__TASK INPUTS__
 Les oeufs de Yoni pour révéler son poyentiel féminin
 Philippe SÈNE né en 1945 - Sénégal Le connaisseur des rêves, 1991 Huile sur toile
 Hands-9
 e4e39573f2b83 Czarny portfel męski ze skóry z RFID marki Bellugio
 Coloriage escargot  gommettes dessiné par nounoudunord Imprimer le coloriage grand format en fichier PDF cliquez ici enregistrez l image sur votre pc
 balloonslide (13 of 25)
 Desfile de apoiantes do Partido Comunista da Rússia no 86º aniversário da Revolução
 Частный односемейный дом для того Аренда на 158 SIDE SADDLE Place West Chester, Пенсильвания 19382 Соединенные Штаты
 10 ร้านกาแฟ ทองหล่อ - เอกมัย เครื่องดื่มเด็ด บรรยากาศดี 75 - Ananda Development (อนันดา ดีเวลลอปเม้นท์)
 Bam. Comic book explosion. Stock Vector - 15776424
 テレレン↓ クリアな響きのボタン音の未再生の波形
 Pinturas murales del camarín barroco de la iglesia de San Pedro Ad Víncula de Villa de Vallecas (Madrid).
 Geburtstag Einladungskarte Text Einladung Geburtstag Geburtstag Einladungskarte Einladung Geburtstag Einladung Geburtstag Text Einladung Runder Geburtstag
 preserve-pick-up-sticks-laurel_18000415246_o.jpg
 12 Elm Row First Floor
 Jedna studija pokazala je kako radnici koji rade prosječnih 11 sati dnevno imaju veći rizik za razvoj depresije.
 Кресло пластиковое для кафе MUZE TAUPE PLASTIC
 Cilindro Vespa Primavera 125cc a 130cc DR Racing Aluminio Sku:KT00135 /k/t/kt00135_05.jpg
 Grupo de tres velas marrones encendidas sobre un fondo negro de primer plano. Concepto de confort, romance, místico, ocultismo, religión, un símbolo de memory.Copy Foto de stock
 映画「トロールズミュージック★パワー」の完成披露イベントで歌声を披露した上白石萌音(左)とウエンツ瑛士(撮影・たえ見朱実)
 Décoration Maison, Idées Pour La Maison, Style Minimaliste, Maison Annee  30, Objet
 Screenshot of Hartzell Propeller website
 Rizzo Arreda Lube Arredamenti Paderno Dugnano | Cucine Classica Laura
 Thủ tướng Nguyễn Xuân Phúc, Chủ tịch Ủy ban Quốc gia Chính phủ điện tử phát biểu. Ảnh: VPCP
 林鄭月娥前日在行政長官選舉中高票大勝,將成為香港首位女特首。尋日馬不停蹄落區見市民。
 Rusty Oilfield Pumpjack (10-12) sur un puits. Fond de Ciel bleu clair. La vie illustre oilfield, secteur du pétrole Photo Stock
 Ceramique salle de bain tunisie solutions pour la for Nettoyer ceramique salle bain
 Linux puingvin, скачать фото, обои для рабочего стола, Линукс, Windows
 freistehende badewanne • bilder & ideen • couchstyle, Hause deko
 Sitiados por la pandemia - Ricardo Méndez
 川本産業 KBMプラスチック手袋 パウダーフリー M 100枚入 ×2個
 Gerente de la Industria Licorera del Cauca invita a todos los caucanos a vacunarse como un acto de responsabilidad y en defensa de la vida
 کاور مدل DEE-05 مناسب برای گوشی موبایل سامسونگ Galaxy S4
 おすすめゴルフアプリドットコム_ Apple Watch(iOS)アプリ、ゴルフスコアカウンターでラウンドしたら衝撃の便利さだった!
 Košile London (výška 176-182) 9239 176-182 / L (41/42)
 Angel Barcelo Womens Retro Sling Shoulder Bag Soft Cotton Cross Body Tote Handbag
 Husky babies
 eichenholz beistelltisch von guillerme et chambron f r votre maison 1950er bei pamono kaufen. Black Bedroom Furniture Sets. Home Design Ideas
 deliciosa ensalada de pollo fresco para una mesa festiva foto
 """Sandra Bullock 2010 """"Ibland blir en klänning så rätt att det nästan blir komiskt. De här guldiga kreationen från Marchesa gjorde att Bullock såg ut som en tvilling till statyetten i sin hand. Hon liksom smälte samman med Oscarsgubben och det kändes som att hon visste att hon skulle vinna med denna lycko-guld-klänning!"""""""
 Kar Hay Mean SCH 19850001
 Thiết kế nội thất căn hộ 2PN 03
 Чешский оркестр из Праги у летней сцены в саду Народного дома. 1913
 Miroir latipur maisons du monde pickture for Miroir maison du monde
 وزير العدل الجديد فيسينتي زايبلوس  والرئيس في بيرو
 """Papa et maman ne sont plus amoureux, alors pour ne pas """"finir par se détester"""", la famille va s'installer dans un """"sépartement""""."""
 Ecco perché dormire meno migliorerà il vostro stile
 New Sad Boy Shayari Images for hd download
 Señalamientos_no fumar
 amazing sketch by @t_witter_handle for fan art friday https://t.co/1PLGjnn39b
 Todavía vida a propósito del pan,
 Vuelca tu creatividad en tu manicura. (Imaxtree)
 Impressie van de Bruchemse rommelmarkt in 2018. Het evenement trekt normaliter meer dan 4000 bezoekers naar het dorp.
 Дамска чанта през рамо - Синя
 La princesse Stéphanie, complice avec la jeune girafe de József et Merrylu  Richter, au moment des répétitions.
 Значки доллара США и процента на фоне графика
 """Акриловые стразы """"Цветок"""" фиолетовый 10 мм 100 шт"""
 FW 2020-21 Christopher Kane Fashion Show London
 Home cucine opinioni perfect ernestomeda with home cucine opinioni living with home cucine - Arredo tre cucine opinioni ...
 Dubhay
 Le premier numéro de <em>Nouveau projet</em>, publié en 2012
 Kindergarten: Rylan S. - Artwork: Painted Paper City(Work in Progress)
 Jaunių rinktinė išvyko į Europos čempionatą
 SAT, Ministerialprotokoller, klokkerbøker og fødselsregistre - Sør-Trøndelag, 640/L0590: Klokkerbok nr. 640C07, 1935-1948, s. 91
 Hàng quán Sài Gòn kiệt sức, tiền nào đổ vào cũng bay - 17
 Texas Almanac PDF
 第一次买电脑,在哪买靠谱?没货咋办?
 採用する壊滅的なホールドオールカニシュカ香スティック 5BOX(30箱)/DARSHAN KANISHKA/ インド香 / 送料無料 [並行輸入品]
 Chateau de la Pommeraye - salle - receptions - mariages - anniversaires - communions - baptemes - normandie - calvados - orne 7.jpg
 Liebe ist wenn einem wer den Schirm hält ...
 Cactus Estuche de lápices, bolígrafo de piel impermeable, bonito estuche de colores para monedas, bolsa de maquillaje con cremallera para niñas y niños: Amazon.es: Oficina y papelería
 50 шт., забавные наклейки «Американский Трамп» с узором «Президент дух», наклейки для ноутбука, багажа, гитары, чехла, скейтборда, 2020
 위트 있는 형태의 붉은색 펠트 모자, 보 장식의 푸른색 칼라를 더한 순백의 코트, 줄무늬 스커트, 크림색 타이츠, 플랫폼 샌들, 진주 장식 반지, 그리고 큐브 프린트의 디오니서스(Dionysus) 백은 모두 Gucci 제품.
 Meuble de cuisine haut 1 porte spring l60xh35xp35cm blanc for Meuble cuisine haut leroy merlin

__WHAT TO DO__
Output an exact copy of each record.

__OUTPUT BELOW__
 Les oeufs de Yoni pour révéler son poyentiel féminin
 Philippe SÈNE né en 1945 - Sénégal Le connaisseur des rêves, 1991 Huile sur toile
 Hands-9
 e4e39573f2b83 Czarny portfel męski ze skóry z RFID marki Bellugio
 Coloriage escargot  gommettes dessiné par nounoudunord Imprimer le coloriage grand format en fichier PDF cliquez ici enregistrez l image sur votre pc
 balloonslide (13 of 25)
 Desfile de apoiantes do Partido Comunista da Rússia no 86º aniversário da Revolução
 Частный односемейный дом для того Аренда на 158 SIDE SADDLE Place West Chester, Пенсильвания 19382 Соединенные Штаты
 10 ร้านกาแฟ ทองหล่อ - เอกมัย เครื่องดื่มเด็ด บรรยากาศดี 75 - Ananda Development (อนันดา ดีเวลลอปเม้นท์)
 Bam. Comic book explosion. Stock Vector - 15776424
 テレレン↓ クリアな響きのボタン音の未再生の波形
 Pinturas murales del camarín barroco de la iglesia de San Pedro Ad Víncula de Villa de Vallecas (Madrid).
 Geburtstag Einladungskarte Text Einladung Geburtstag Geburtstag Einladungskarte Einladung Geburtstag Einladung Geburtstag Text Einladung Runder Geburtstag
 preserve-pick-up-sticks-laurel_18000415246_o.jpg
 12 Elm Row First Floor
 Jedna studija pokazala je kako radnici koji rade prosječnih 11 sati dnevno imaju veći rizik za razvoj depresije.
 Кресло пластиковое для кафе MUZE TAUPE PLASTIC
 Cilindro Vespa Primavera 125cc a 130cc DR Racing Aluminio Sku:KT00135 /k/t/kt00135_05.jpg
 Grupo de tres velas marrones encendidas sobre un fondo negro de primer plano. Concepto de confort, romance, místico, ocultismo, religión, un símbolo de memory.Copy Foto de stock
 映画「トロールズミュージック★パワー」の完成披露イベントで歌声を披露した上白石萌音(左)とウエンツ瑛士(撮影・たえ見朱実)
 Décoration Maison, Idées Pour La Maison, Style Minimaliste, Maison Annee  30, Objet
 Screenshot of Hartzell Propeller website
 Rizzo Arreda Lube Arredamenti Paderno Dugnano | Cucine Classica Laura
 Thủ tướng Nguyễn Xuân Phúc, Chủ tịch Ủy ban Quốc gia Chính phủ điện tử phát biểu. Ảnh: VPCP
 林鄭月娥前日在行政長官選舉中高票大勝,將成為香港首位女特首。尋日馬不停蹄落區見市民。
 Rusty Oilfield Pumpjack (10-12) sur un puits. Fond de Ciel bleu clair. La vie illustre oilfield, secteur du pétrole Photo Stock
 Ceramique salle de bain tunisie solutions pour la for Nettoyer ceramique salle bain
 Linux puingvin, скачать фото, обои для рабочего стола, Линукс, Windows
 freistehende badewanne • bilder & ideen • couchstyle, Hause deko
 Sitiados por la pandemia - Ricardo Méndez
 川本産業 KBMプラスチック手袋 パウダーフリー M 100枚入 ×2個
 Gerente de la Industria Licorera del Cauca invita a todos los caucanos a vacunarse como un acto de responsabilidad y en defensa de la vida
 کاور مدل DEE-05 مناسب برای گوشی موبایل سامسونگ Galaxy S4
 おすすめゴルフアプリドットコム_ Apple Watch(iOS)アプリ、ゴルフスコアカウンターでラウンドしたら衝撃の便利さだった!
 Košile London (výška 176-182) 9239 176-182 / L (41/42)
 Angel Barcelo Womens Retro Sling Shoulder Bag Soft Cotton Cross Body Tote Handbag
 Husky babies
 eichenholz beistelltisch von guillerme et chambron f r votre maison 1950er bei pamono kaufen. Black Bedroom Furniture Sets. Home Design Ideas
 deliciosa ensalada de pollo fresco para una mesa festiva foto
 """Sandra Bullock 2010 """"Ibland blir en klänning så rätt att det nästan blir komiskt. De här guldiga kreationen från Marchesa gjorde att Bullock såg ut som en tvilling till statyetten i sin hand. Hon liksom smälte samman med Oscarsgubben och det kändes som att hon visste att hon skulle vinna med denna lycko-guld-klänning!"""""""
 Kar Hay Mean SCH 19850001
 Thiết kế nội thất căn hộ 2PN 03
 Чешский оркестр из Праги у летней сцены в саду Народного дома. 1913
 Miroir latipur maisons du monde pickture for Miroir maison du monde
 وزير العدل الجديد فيسينتي زايبلوس  والرئيس في بيرو
 """Papa et maman ne sont plus amoureux, alors pour ne pas """"finir par se détester"""", la famille va s'installer dans un """"sépartement""""."""
 Ecco perché dormire meno migliorerà il vostro stile
 New Sad Boy Shayari Images for hd download
 Señalamientos_no fumar
 amazing sketch by @t_witter_handle for fan art friday https://t.co/1PLGjnn39b
 Todavía vida a propósito del pan,
 Vuelca tu creatividad en tu manicura. (Imaxtree)
 Impressie van de Bruchemse rommelmarkt in 2018. Het evenement trekt normaliter meer dan 4000 bezoekers naar het dorp.
 Дамска чанта през рамо - Синя
 La princesse Stéphanie, complice avec la jeune girafe de József et Merrylu  Richter, au moment des répétitions.
 Значки доллара США и процента на фоне графика
 """Акриловые стразы """"Цветок"""" фиолетовый 10 мм 100 шт"""
 FW 2020-21 Christopher Kane Fashion Show London
 Home cucine opinioni perfect ernestomeda with home cucine opinioni living with home cucine - Arredo tre cucine opinioni ...
 Dubhay
 Le premier numéro de <em>Nouveau projet</em>, publié en 2012
 Kindergarten: Rylan S. - Artwork: Painted Paper City(Work in Progress)
 Jaunių rinktinė išvyko į Europos čempionatą
 SAT, Ministerialprotokoller, klokkerbøker og fødselsregistre - Sør-Trøndelag, 640/L0590: Klokkerbok nr. 640C07, 1935-1948, s. 91
 Hàng quán Sài Gòn kiệt sức, tiền nào đổ vào cũng bay - 17
 Texas Almanac PDF
 第一次买电脑,在哪买靠谱?没货咋办?
 採用する壊滅的なホールドオールカニシュカ香スティック 5BOX(30箱)/DARSHAN KANISHKA/ インド香 / 送料無料 [並行輸入品]
 Chateau de la Pommeraye - salle - receptions - mariages - anniversaires - communions - baptemes - normandie - calvados - orne 7.jpg
 Liebe ist wenn einem wer den Schirm hält ...
 Cactus Estuche de lápices, bolígrafo de piel impermeable, bonito estuche de colores para monedas, bolsa de maquillaje con cremallera para niñas y niños: Amazon.es: Oficina y papelería
 50 шт., забавные наклейки «Американский Трамп» с узором «Президент дух», наклейки для ноутбука, багажа, гитары, чехла, скейтборда, 2020
 위트 있는 형태의 붉은색 펠트 모자, 보 장식의 푸른색 칼라를 더한 순백의 코트, 줄무늬 스커트, 크림색 타이츠, 플랫폼 샌들, 진주 장식 반지, 그리고 큐브 프린트의 디오니서스(Dionysus) 백은 모두 Gucci 제품.
 Meuble de cuisine haut 1 porte spring l60xh35xp35cm blanc for Meuble cuisine haut leroy merlin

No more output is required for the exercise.